This guide walks you through building a complete automated reporting pipeline. You will connect to data sources, build dynamic HTML templates, generate PDFs through the LightningPDF API, and schedule reports to run automatically. Code examples are provided in Python and Node.js.

Why Automate Report Generation?

The Cost of Manual Reporting

Consider a SaaS company that sends monthly performance reports to 500 clients. Each report requires pulling metrics from the database, formatting tables and charts, adding the client's branding, and exporting to PDF. If each report takes 10 minutes to produce manually, that is over 83 hours of labor every month -- more than two full-time work weeks dedicated to a task that a script can handle in minutes.

Beyond the time cost, manual reporting introduces errors. A misplaced decimal, an outdated chart, or a copy-paste mistake in one report undermines credibility. When a client questions a number, tracking down the source of the error in a manually assembled document is painful.

What Automated Reporting Gives You

  • Consistency: Every report follows the exact same template, formatting, and calculation logic.
  • Speed: Generate hundreds of reports in minutes instead of days.
  • Accuracy: Data flows directly from the source into the report with no manual transcription.
  • Timeliness: Schedule reports to generate and deliver automatically, never missing a deadline.
  • Audit trail: Every report is generated from a known data query at a known time, making discrepancies easy to trace.

Common Use Cases

Here's where automated reports show up:

  • SaaS analytics: Monthly usage reports for customers showing API calls, storage, active users
  • Financial services: Portfolio performance reports, transaction summaries, compliance documents
  • E-commerce: Sales reports, inventory summaries, supplier performance reviews
  • Healthcare: Patient visit summaries, lab result reports, billing statements
  • Education: Student progress reports, course completion certificates, attendance records
  • Marketing: Campaign performance reports, SEO audits, social media analytics

Connecting to Data Sources

Before you can generate a report, you need to pull the data that populates it. Here are the most common patterns.
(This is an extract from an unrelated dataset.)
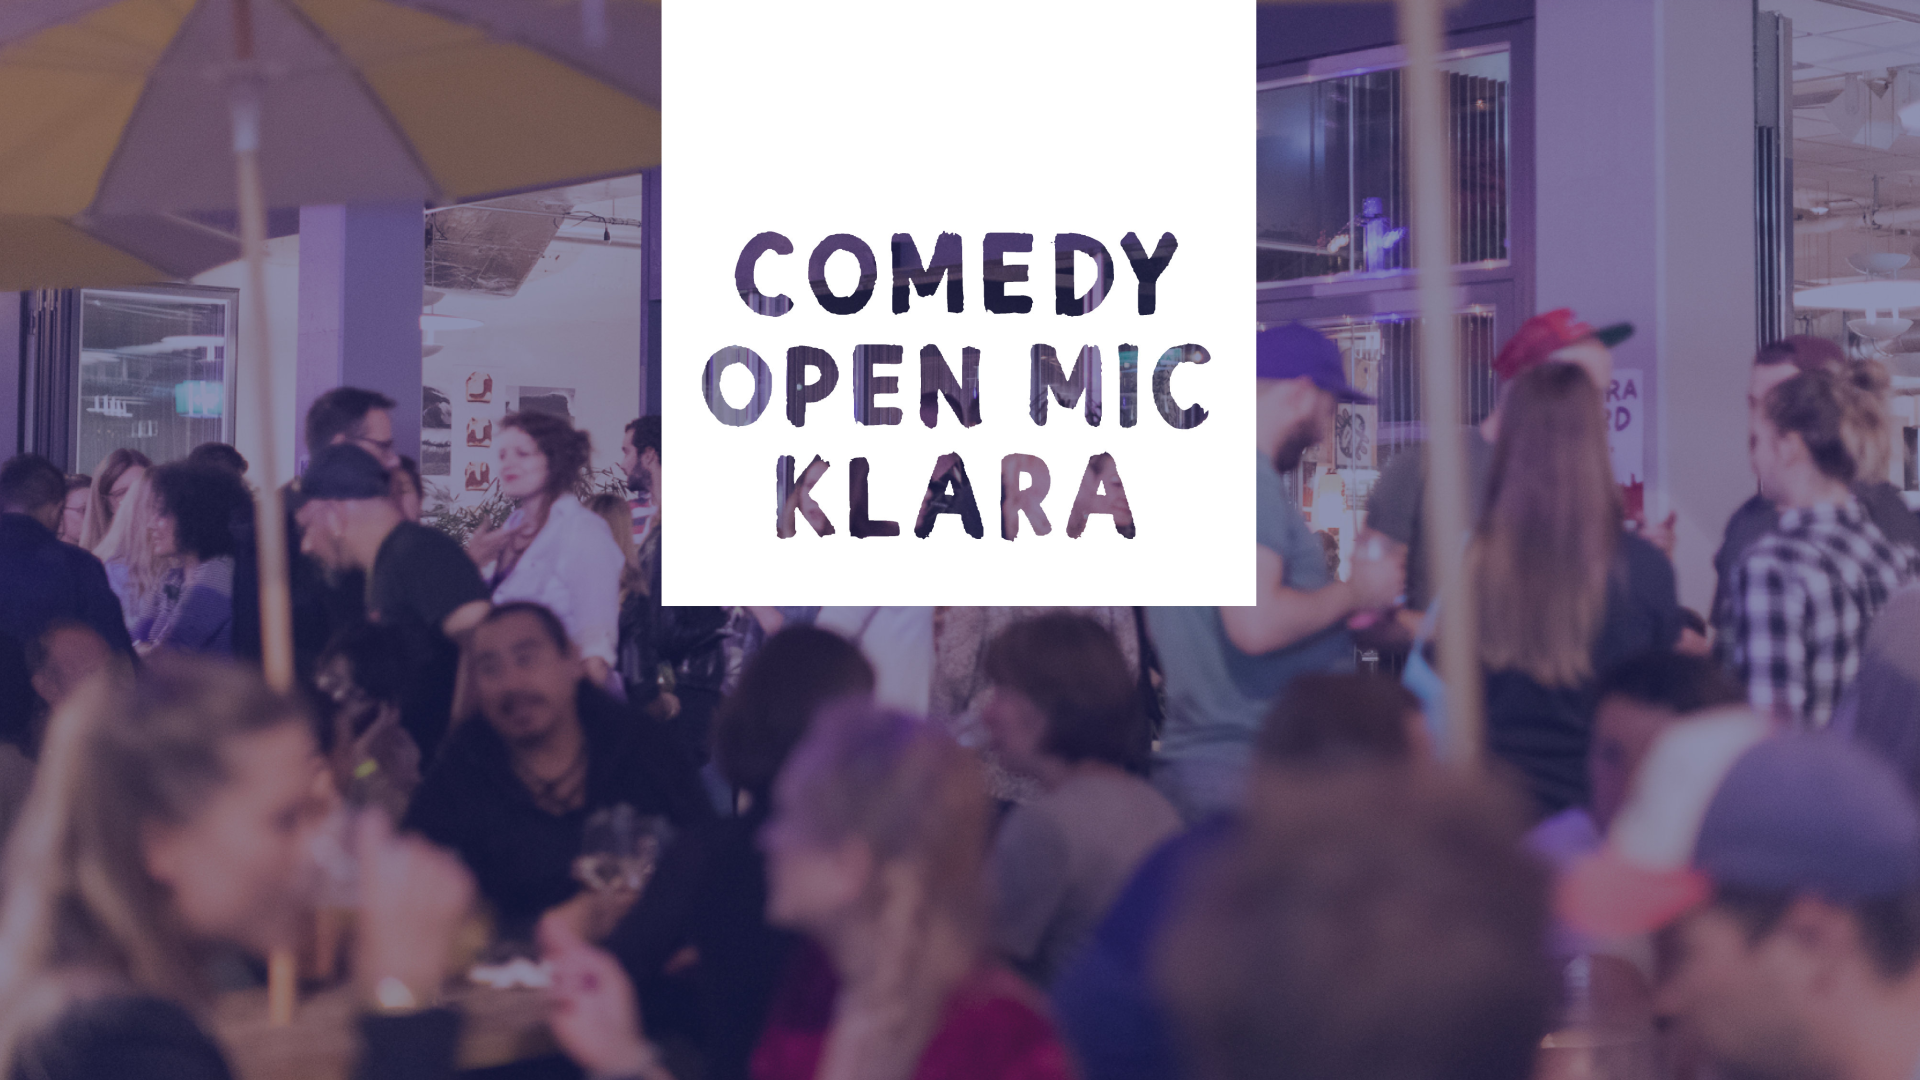 Comedy Open Mic at Klara event cover image

From a Database (PostgreSQL/MySQL)

import psycopg2
from datetime import datetime, timedelta

def get_monthly_sales_data(client_id, month, year):
    conn = psycopg2.connect(
        host="db.example.com",
        database="analytics",
        user="report_reader",
        password="secure-password"
    )
    cursor = conn.cursor()

    cursor.execute("""
        SELECT
            product_name,
            SUM(quantity) as total_qty,
            SUM(revenue) as total_revenue,
            COUNT(DISTINCT order_id) as order_count
        FROM orders
        WHERE client_id = %s
          AND EXTRACT(MONTH FROM order_date) = %s
          AND EXTRACT(YEAR FROM order_date) = %s
        GROUP BY product_name
        ORDER BY total_revenue DESC
    """, (client_id, month, year))

    columns = [desc[0] for desc in cursor.description]
    rows = [dict(zip(columns, row)) for row in cursor.fetchall()]

    cursor.close()
    conn.close()
    return rows

From a REST API

import requests

def get_analytics_data(api_token, date_range):
    response = requests.get(
        "https://analytics.example.com/api/v2/metrics",
        headers={"Authorization": f"Bearer {api_token}"},
        params={
            "start_date": date_range["start"],
            "end_date": date_range["end"],
            "metrics": "pageviews,sessions,conversions,revenue"
        }
    )
    return response.json()["data"]

From a Spreadsheet (CSV/Excel)

import pandas as pd

def get_spreadsheet_data(file_path):
    df = pd.read_excel(file_path, sheet_name="Monthly Data")
    # Clean and aggregate
    summary = df.groupby("category").agg({
        "revenue": "sum",
        "units": "sum",
        "profit_margin": "mean"
    }).reset_index()
    return summary.to_dict("records")

Building Dynamic Report Templates

HTML-based reports let you use the full web stack -- CSS for styling, JavaScript charting libraries for visualizations, and template engines for dynamic content. For a thorough grounding in HTML-to-PDF conversion approaches, our HTML-to-PDF complete guide covers the fundamentals.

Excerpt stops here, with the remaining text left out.